# How early/late



## fishing pole (May 2, 2004)

How early or late into the year do you fish out of your yak? 

I typically hang her on the wall about the end of November and dust her off around beginning of March


----------



## KTkiff (Jul 30, 2004)

If there is open water I am on it.


----------



## BobcatJB (Mar 30, 2005)

Plan to use mine this winter as well, mainly for duck hunting. Would love to try the walleye night bite if lake conditions allow it.


----------



## streamstalker (Jul 8, 2005)

It depends on the winter. Please, can we have one that isn't a reminder that hell has ice as well as fire?
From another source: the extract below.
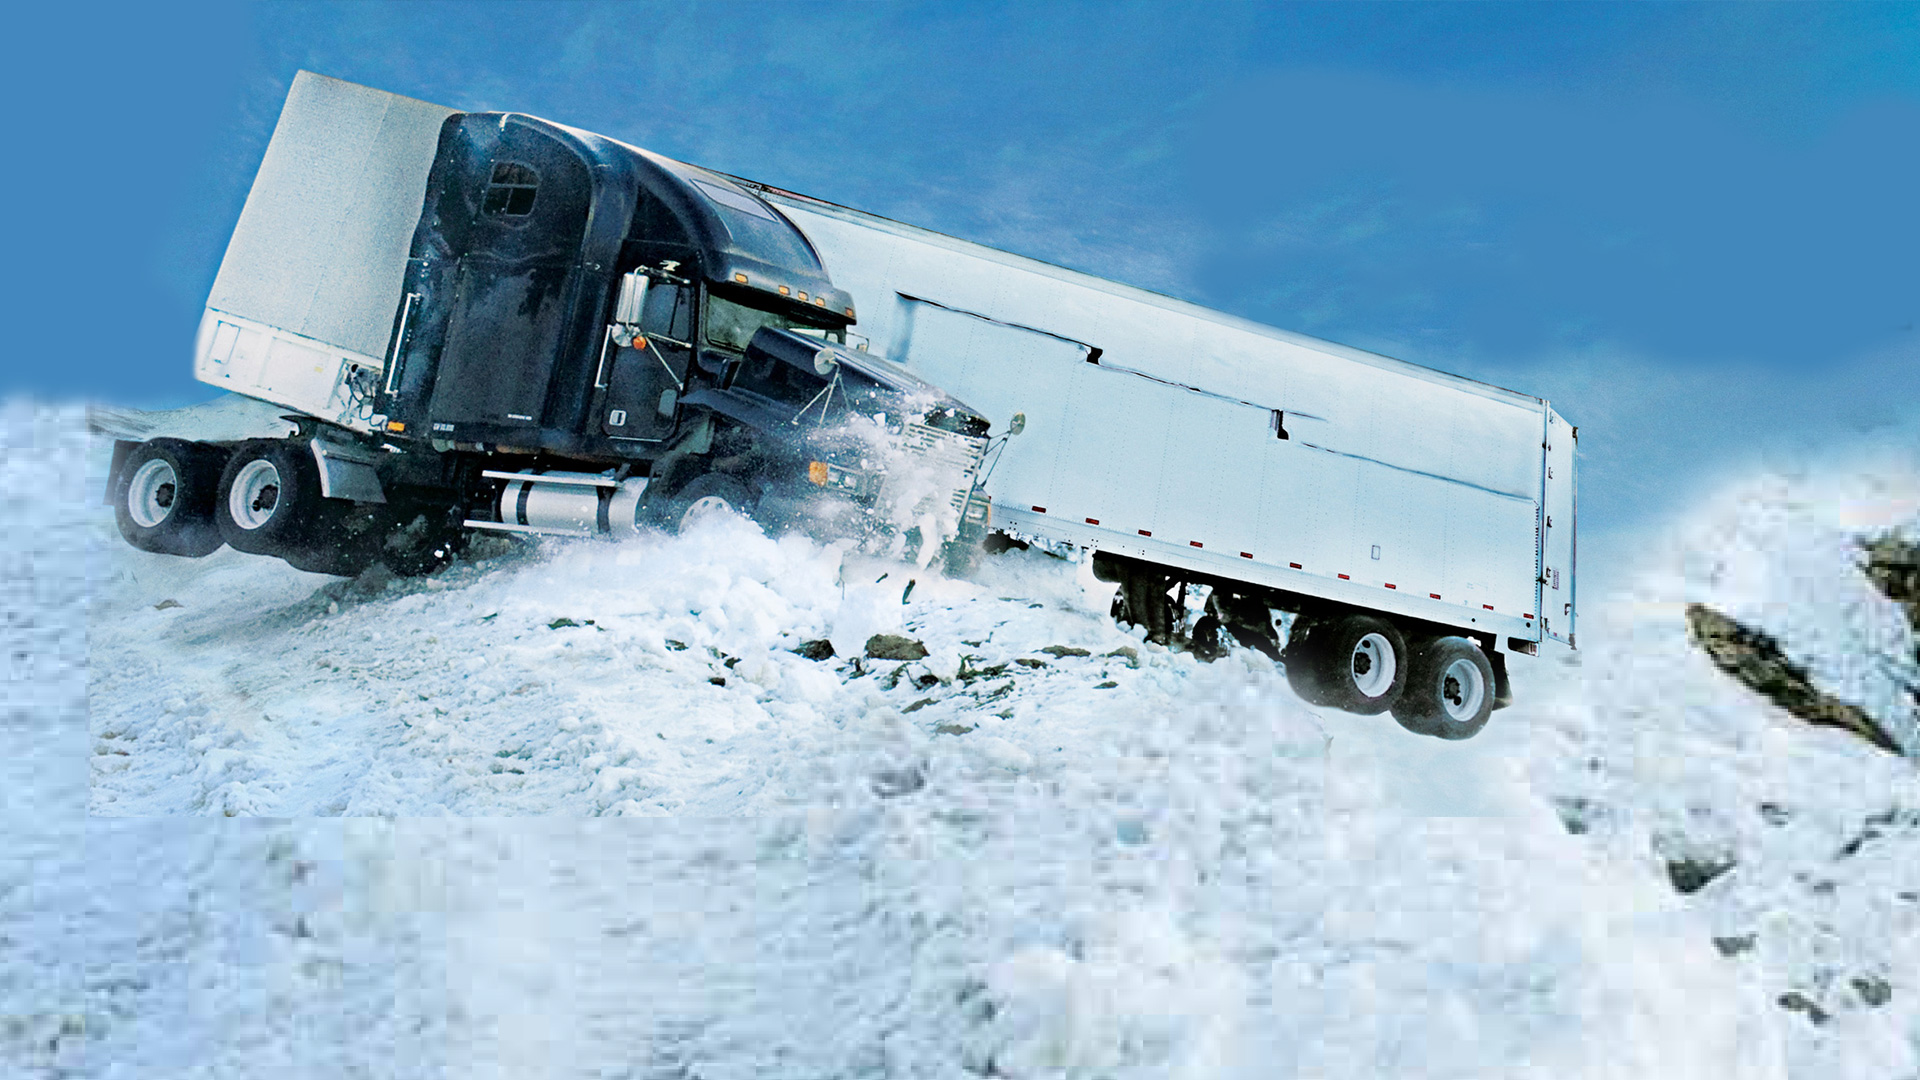 https://cropper.watch.aetnd.com/cdn.watch.aetnd.com/sites/2/2015/10/watch-desktop-hero-ice-road-truckers-s3.jpg

These last two winters have really torn up our creeks.


----------



## BuzzBait Brad (Oct 17, 2014)

I was out all year round last year. Fished for catfish all through January and February on the river from my yak. I can't stop fishing. Especially since I'm not a hunter


----------



## derekdiruz (May 27, 2015)

I use my solo canoe for hunting. Mainly because I don't have to drag a motor or battery when I'm alone. I've fished rivers though when I feel like fishing instead of hunting. I just avoid deep open water with it.


----------



## Bassthumb (Aug 22, 2008)

I'm fortunate to live 40 minutes from a Lake Erie power plants hot water discharge. My yak never gathers dust even in the winter.


----------



## kayak1979 (Jul 13, 2014)

I fished all year last year. This was the first snow storm in November last season when I was on Punderson fishing for brown trout. New years day fished the grand river.


----------



## fishing pole (May 2, 2004)

Nice... You are hardcore


----------



## derekdiruz (May 27, 2015)

...did you catch anything that day? Lol


----------



## Rocknut (Apr 17, 2015)

I yak all year as long when it's not iced over. I've used my yak as a ice breaker a few times. I do use a drysuit when the water temps are low. I normally go solo and the yak I use is a 14.5' narrow touring yak. I do use it to fish with but if the fishing is bad I just paddle.


----------



## kayak1979 (Jul 13, 2014)

derekdiruz said:


> ...did you catch anything that day? Lol


Just a few 6" brown trout!


----------



## Longhorn (Oct 26, 2014)

My 9.5 years in Ohio was okay, but the handy thing about being back home in Texas; I can use my kayak or either of my boats year round and I have the choice of saltwater or freshwater.


----------



## claytonhaske (Apr 16, 2010)

As long as I can float, I'll fish!!!


----------



## backlashed (Mar 19, 2011)

Until my heart attack in 2014 I'd go out until the ice kept me off.


----------



## Cat Mangler (Mar 25, 2012)

This is my first year with a yak. Latest I've had it out this year is Nov 10th I think. The only thing keeping me off right now is the lack cold weather gear such as a wet suit, chest waders and some danged scupper plugs. Once I get those, I have intentions on cruising the mighty O for blues and stripers/wipers. I will apparently be one of the very few who doesn't curse a big ole gar.


----------